(Dataset entries)
_ _ _

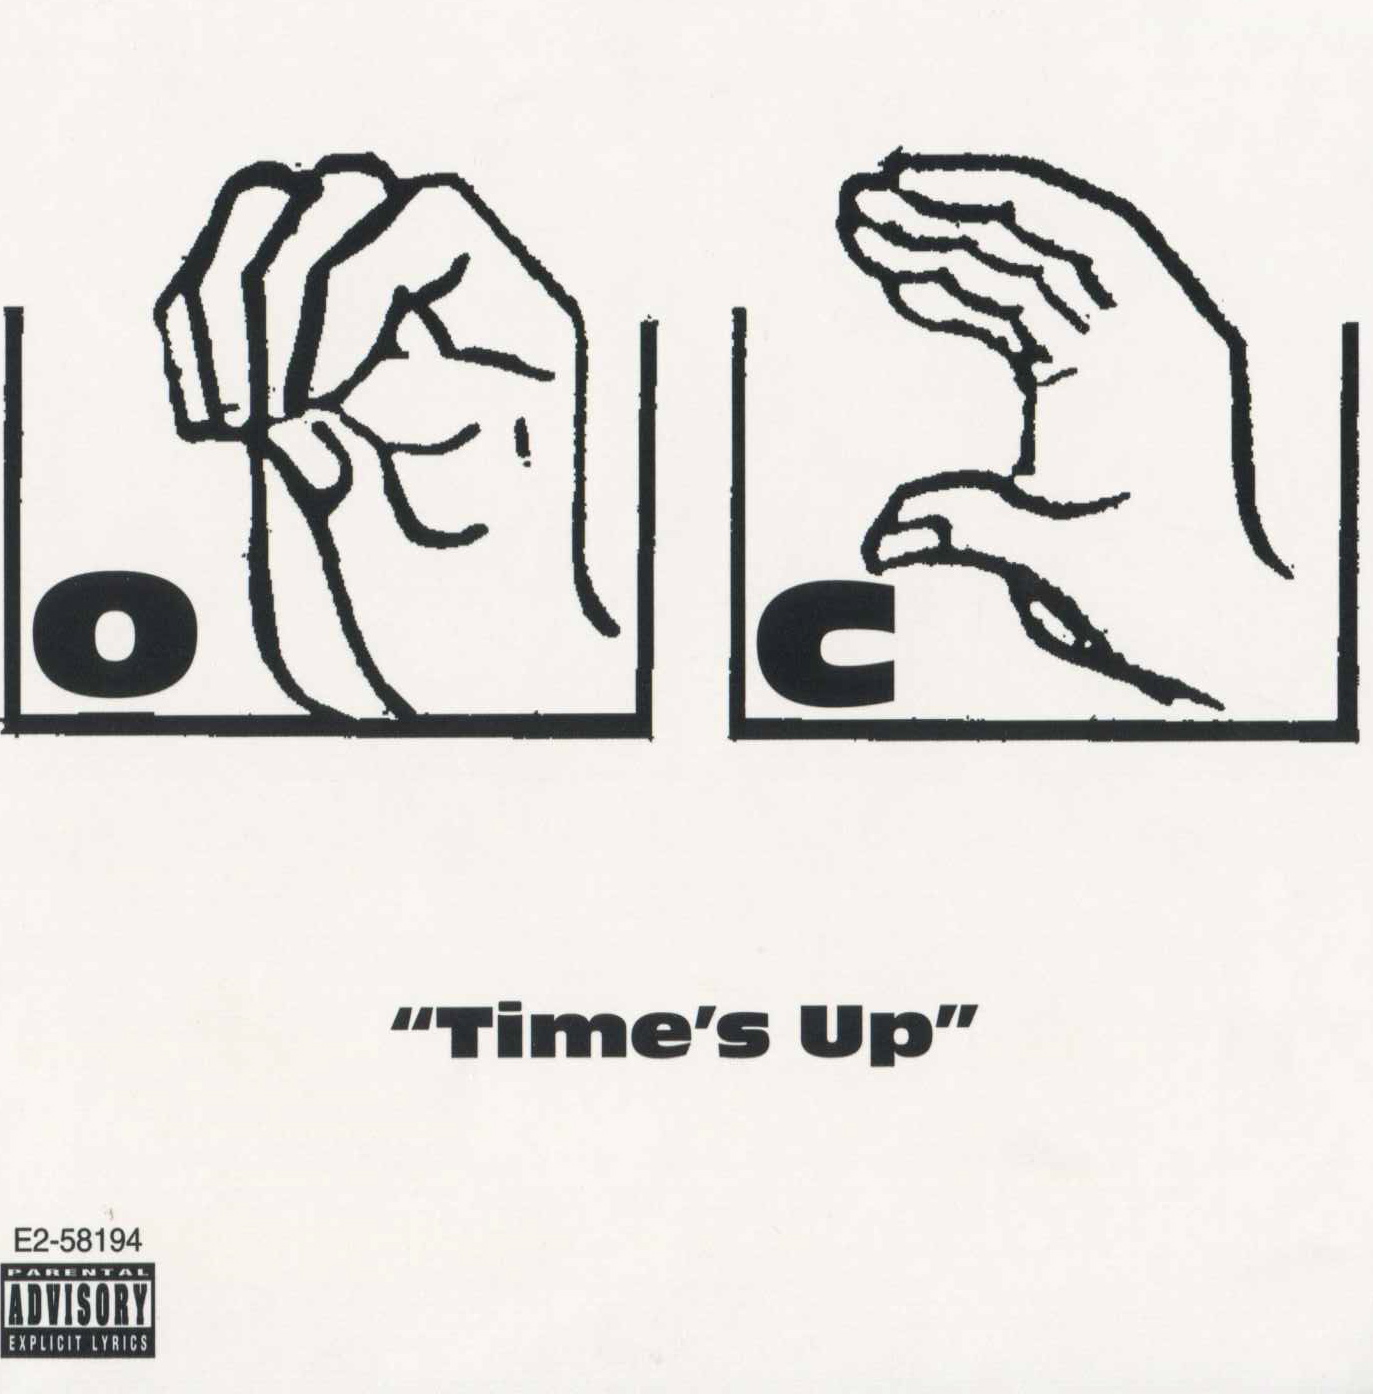 Free MP3: O.C. – Time’s Up (DJ Moneyshot Remix)
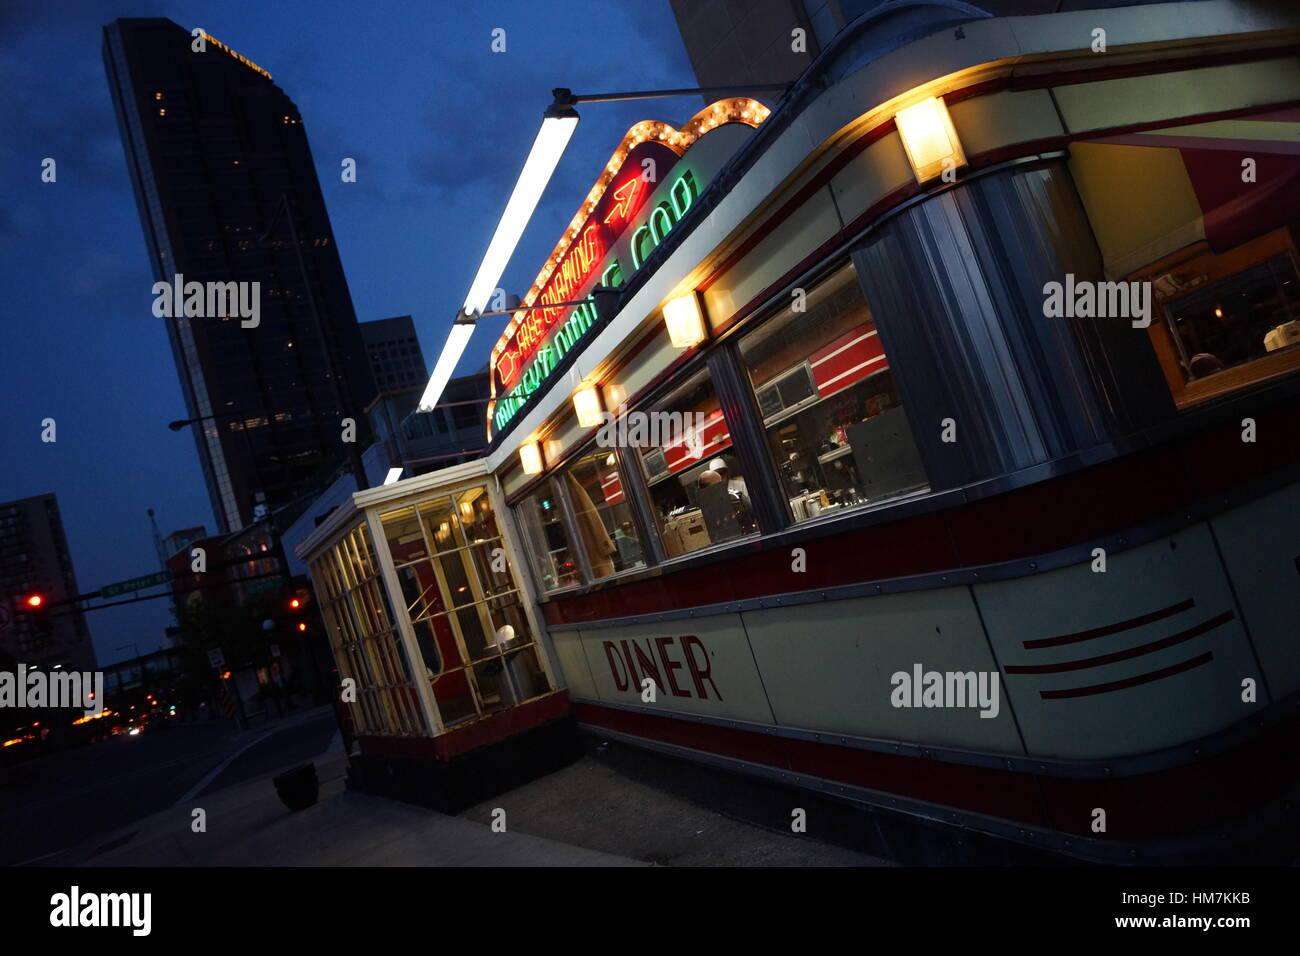 Vista exterior de una auténtica cena de comida rápida americana por la noche Foto de stock
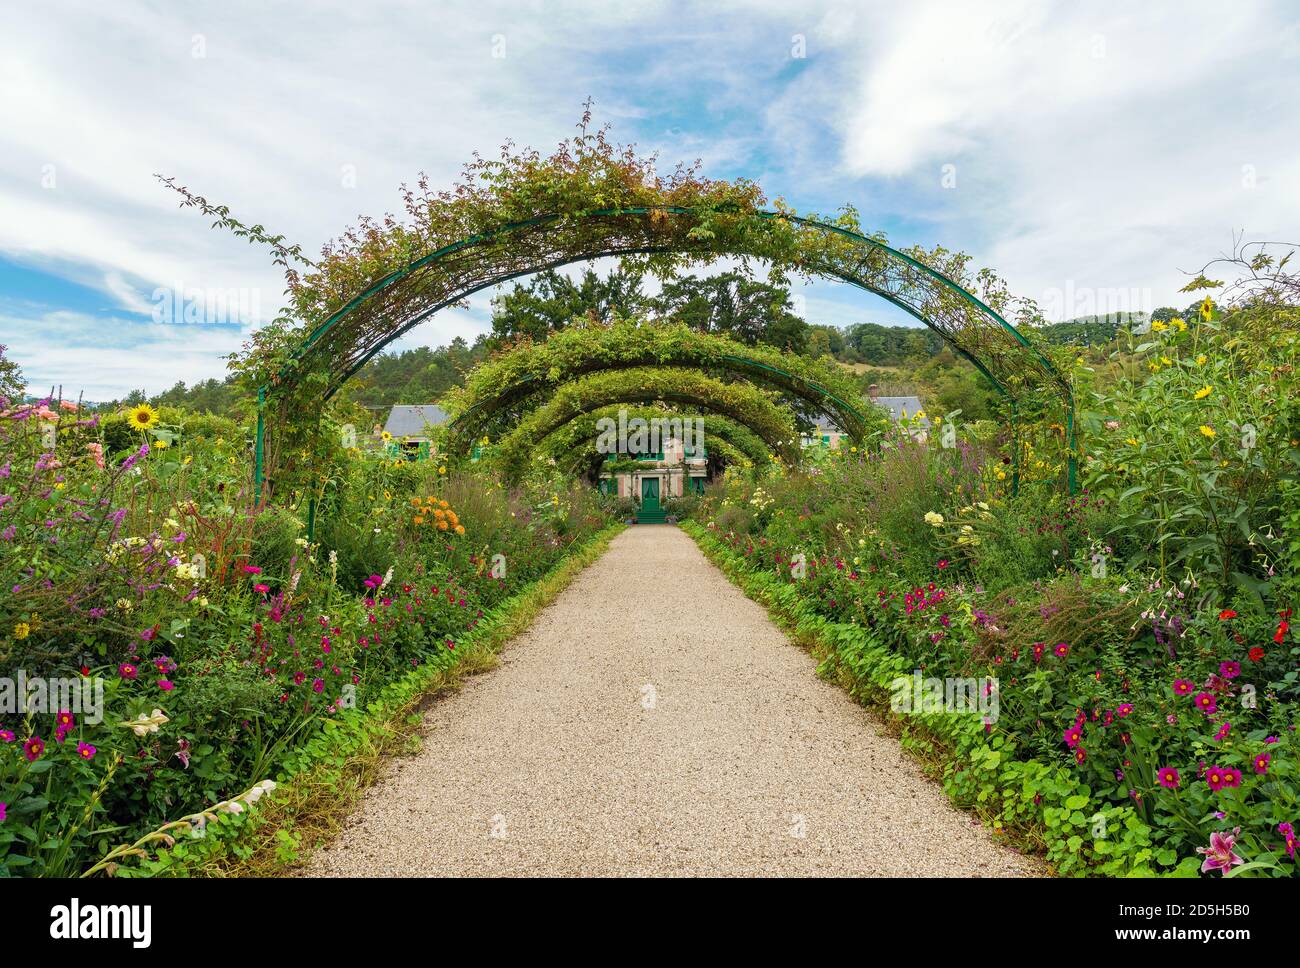 La maison de Monet et la voie des fleurs à Giverny - Giverny, France Banque D'Images
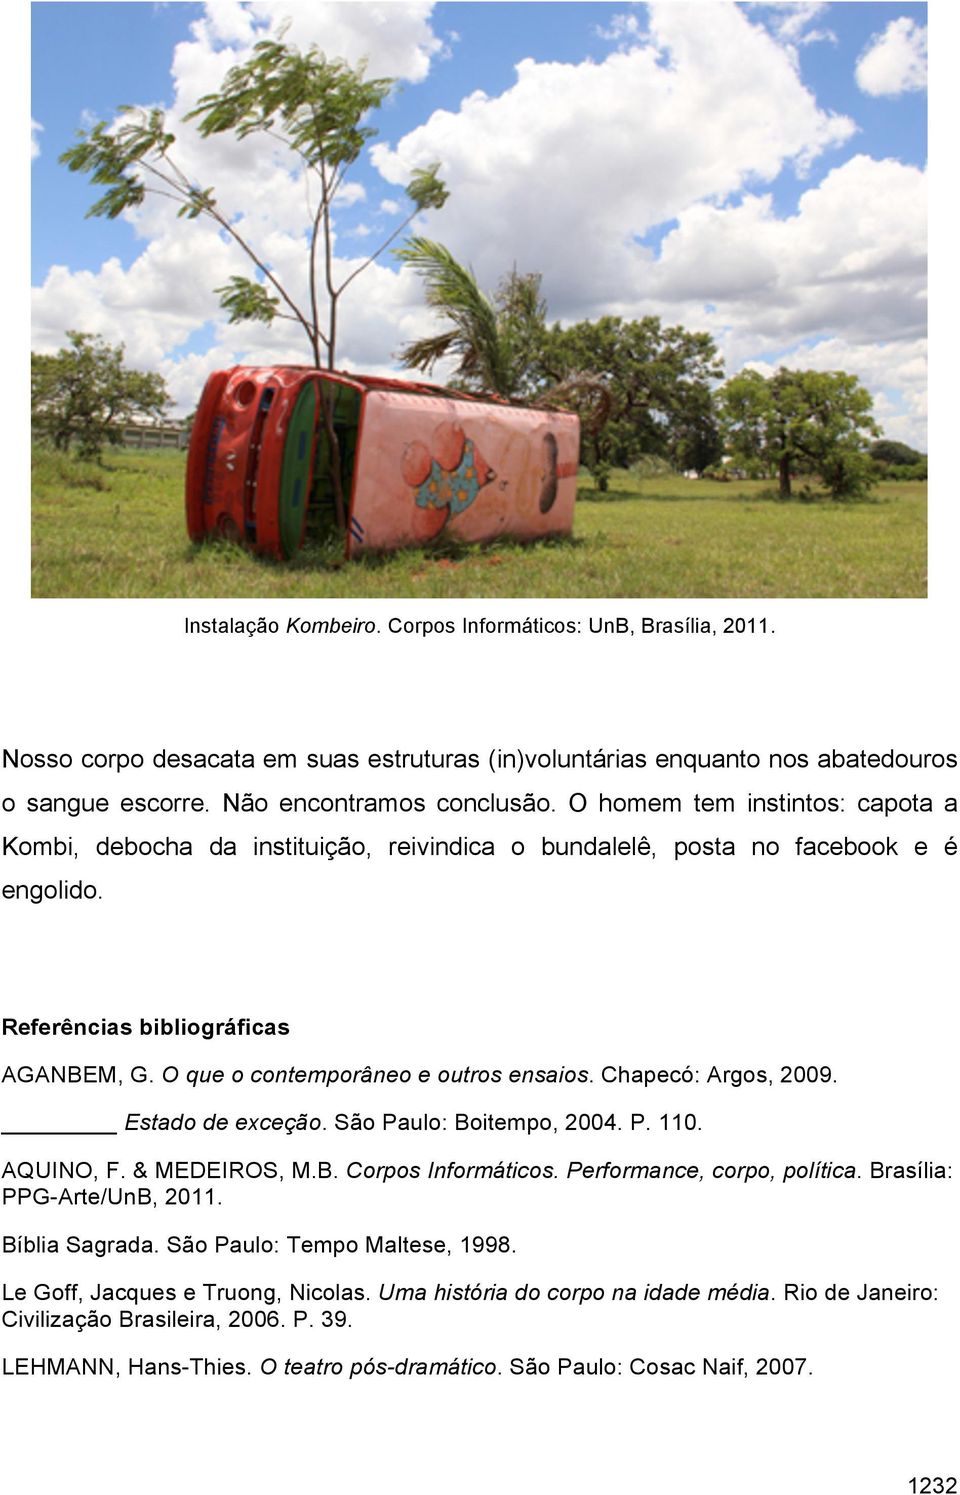 Chapecó: Argos, 2009. Estado de exceção. São Paulo: Boitempo, 2004. P. 110. AQUINO, F. & MEDEIROS, M.B. Corpos Informáticos. Performance, corpo, política. Brasília: PPG-Arte/UnB, 2011. Bíblia Sagrada.
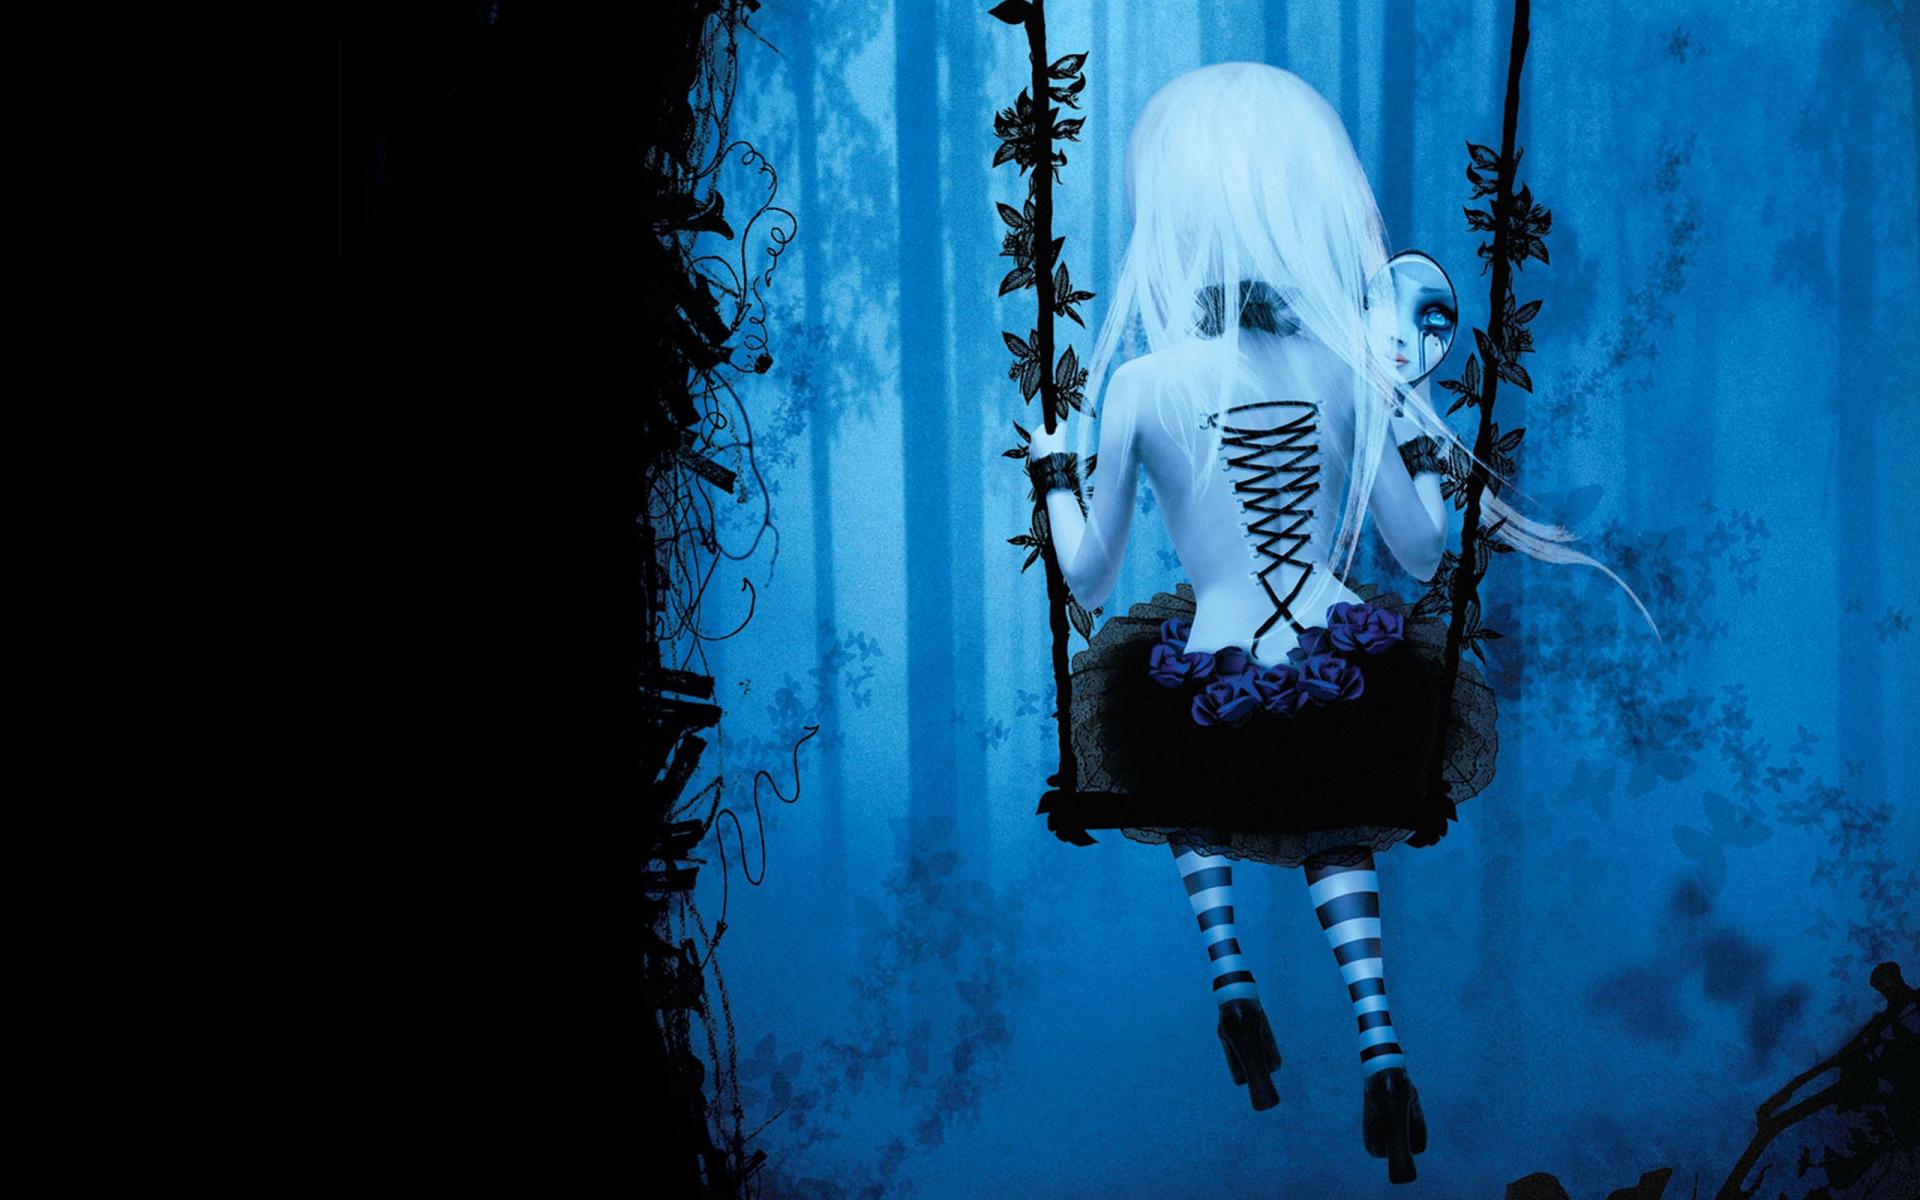 Dark Gothic Anime Fantasy Trees Fog Mood Girl Women Swing Wallpaper

_ _ _

▶ **Exercise brief**:
What is needed is an exact retyping of the lines from the start of the data through the line with "La maison de", with both end lines kept and every picture left out.

▶ **Written response**:
 Free MP3: O.C. – Time’s Up (DJ Moneyshot Remix)
 Vista exterior de una auténtica cena de comida rápida americana por la noche Foto de stock
 La maison de Monet et la voie des fleurs à Giverny - Giverny, France Banque D'Images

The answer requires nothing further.